[Problem statement] Would you retype the listing word for word, skipping its pictures?

[Collected material]
-- -- --

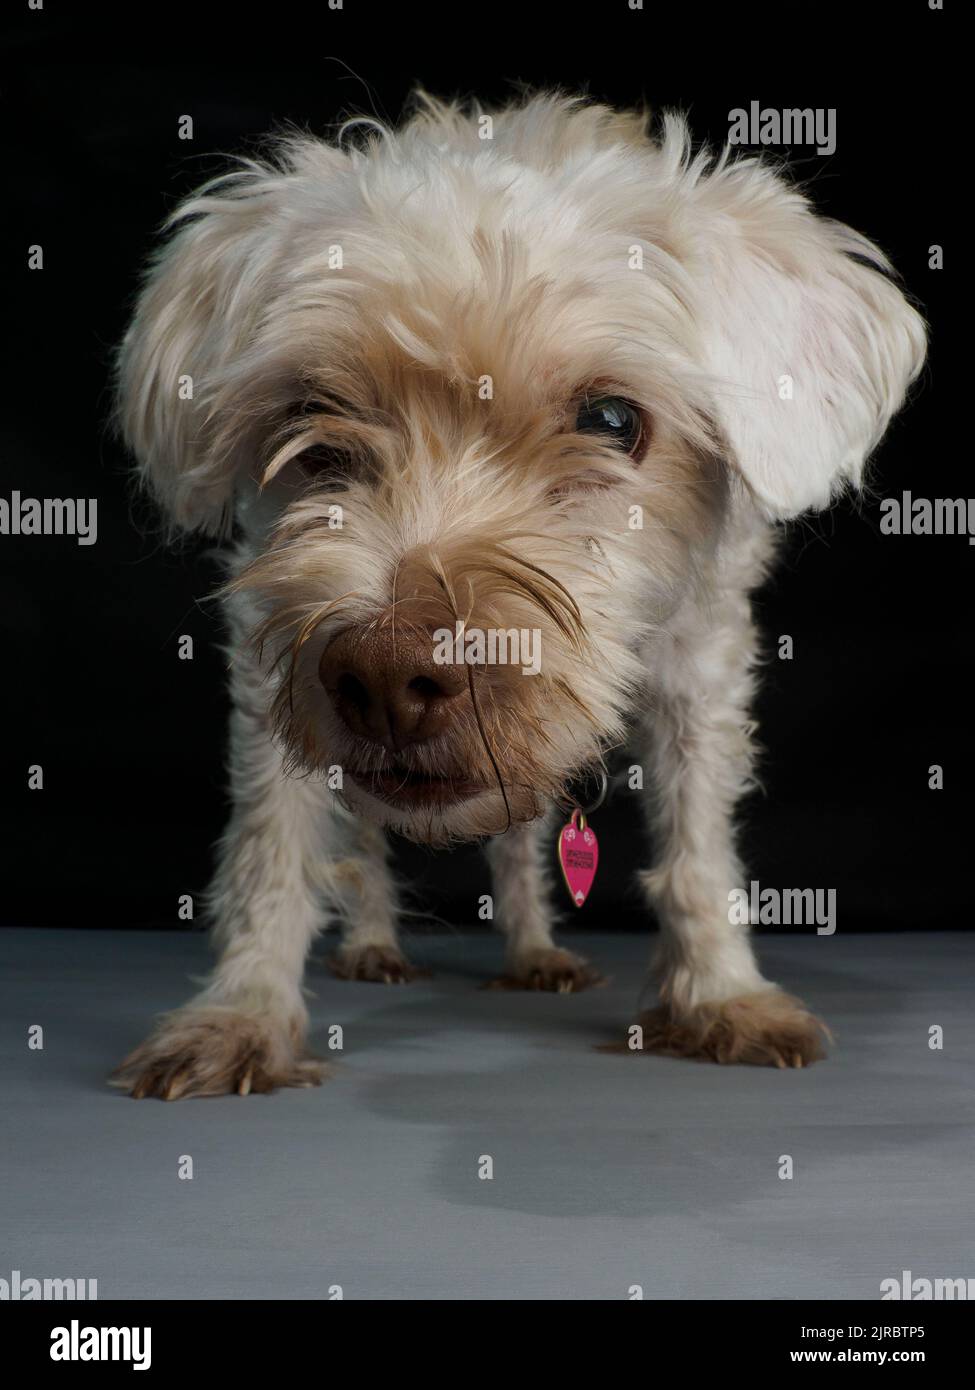 Studio portrait of an old blind white dog. Stock Photo
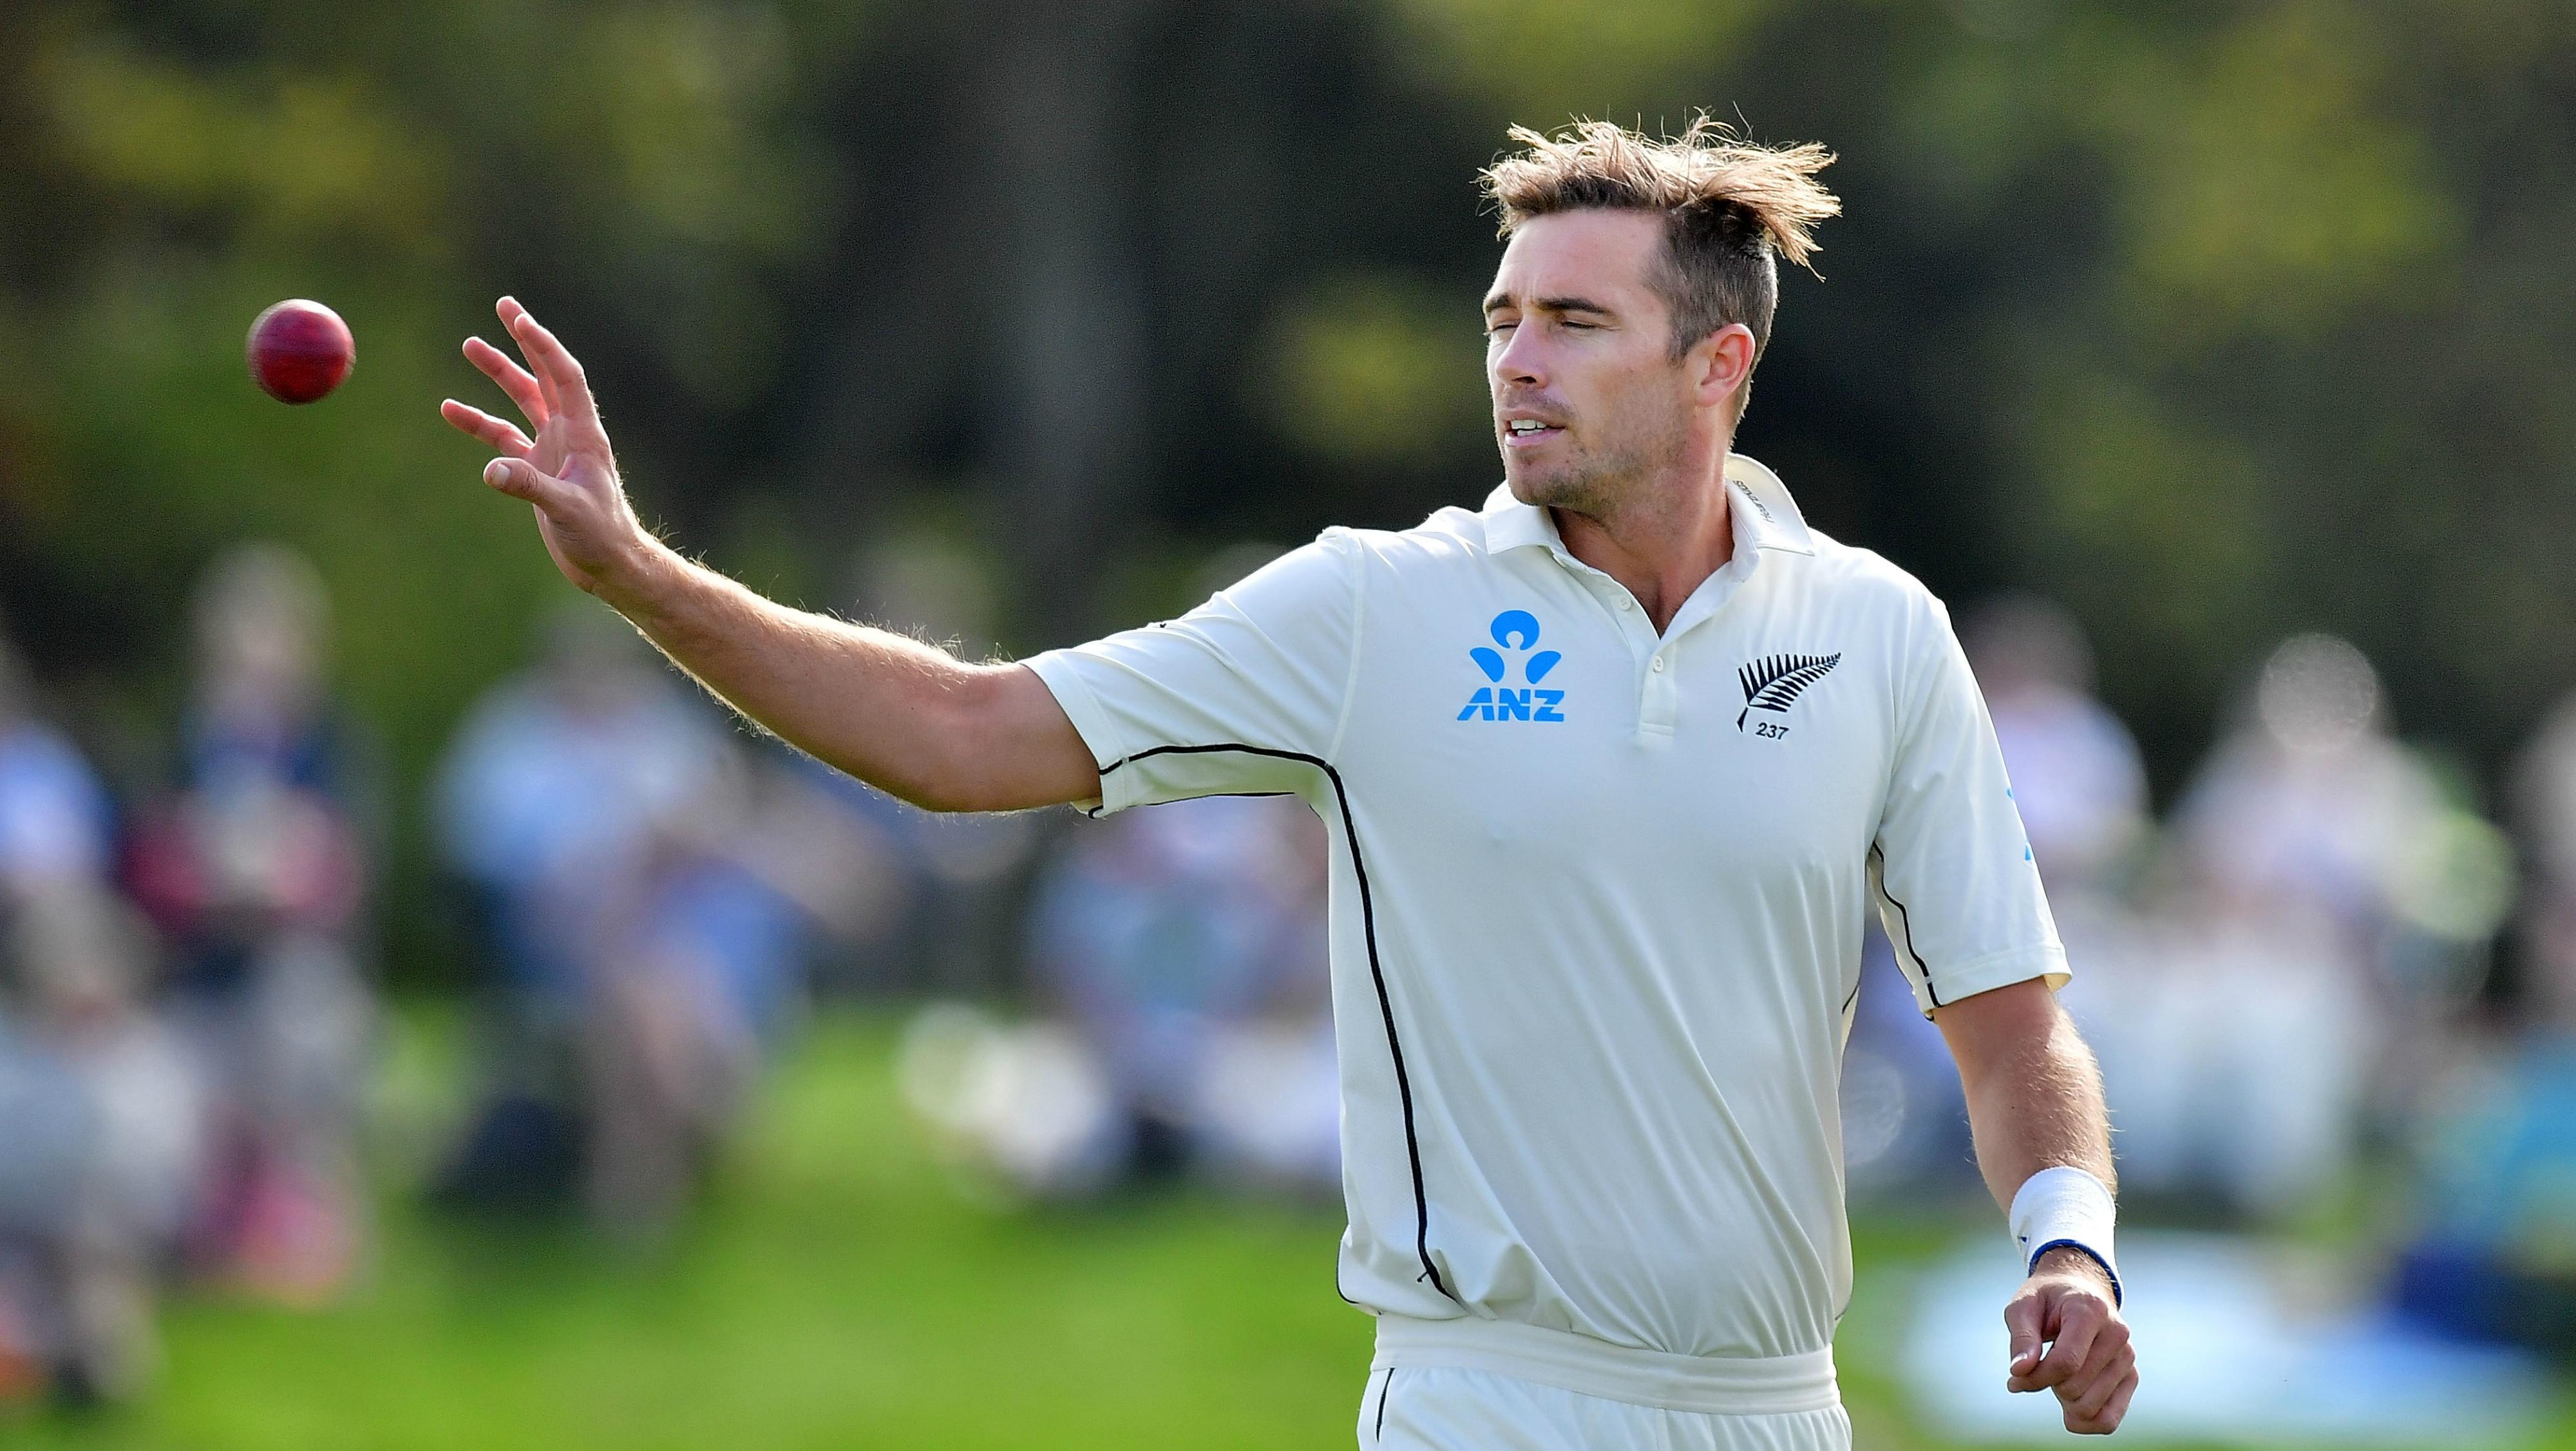 'Nice to be back in conditions we're used to': Southee
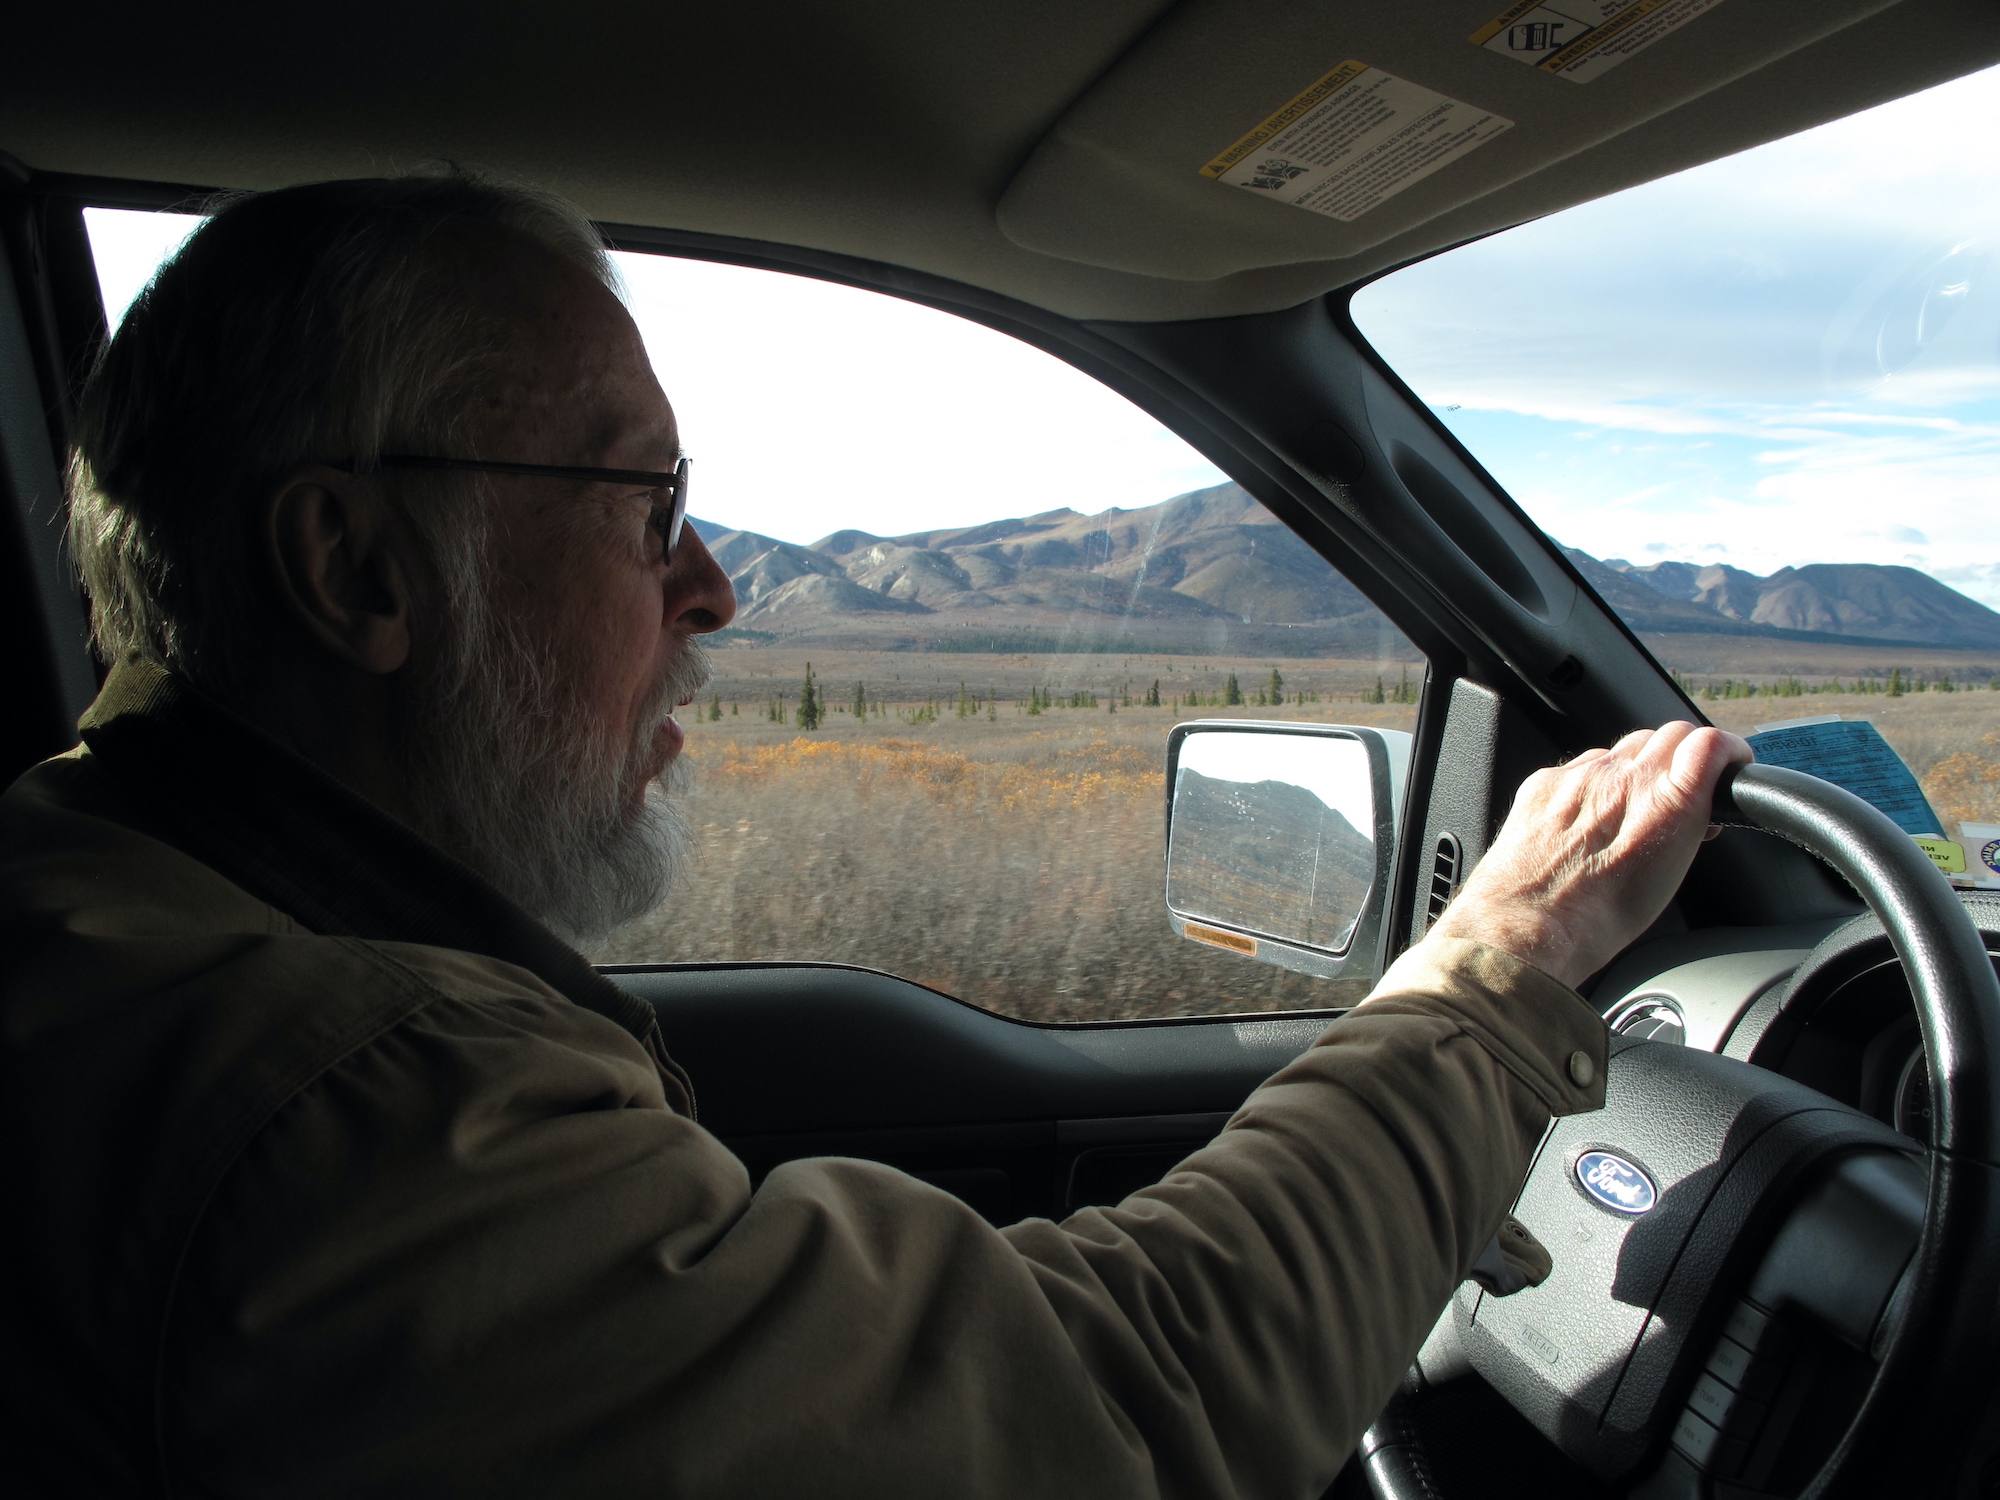 A man with glasses, gray hair and beard drives a vehicle through a fall landscape of tundra and high brush in mountains.

-- -- --

[Answer to the problem]
 Studio portrait of an old blind white dog. Stock Photo
 'Nice to be back in conditions we're used to': Southee
 A man with glasses, gray hair and beard drives a vehicle through a fall landscape of tundra and high brush in mountains.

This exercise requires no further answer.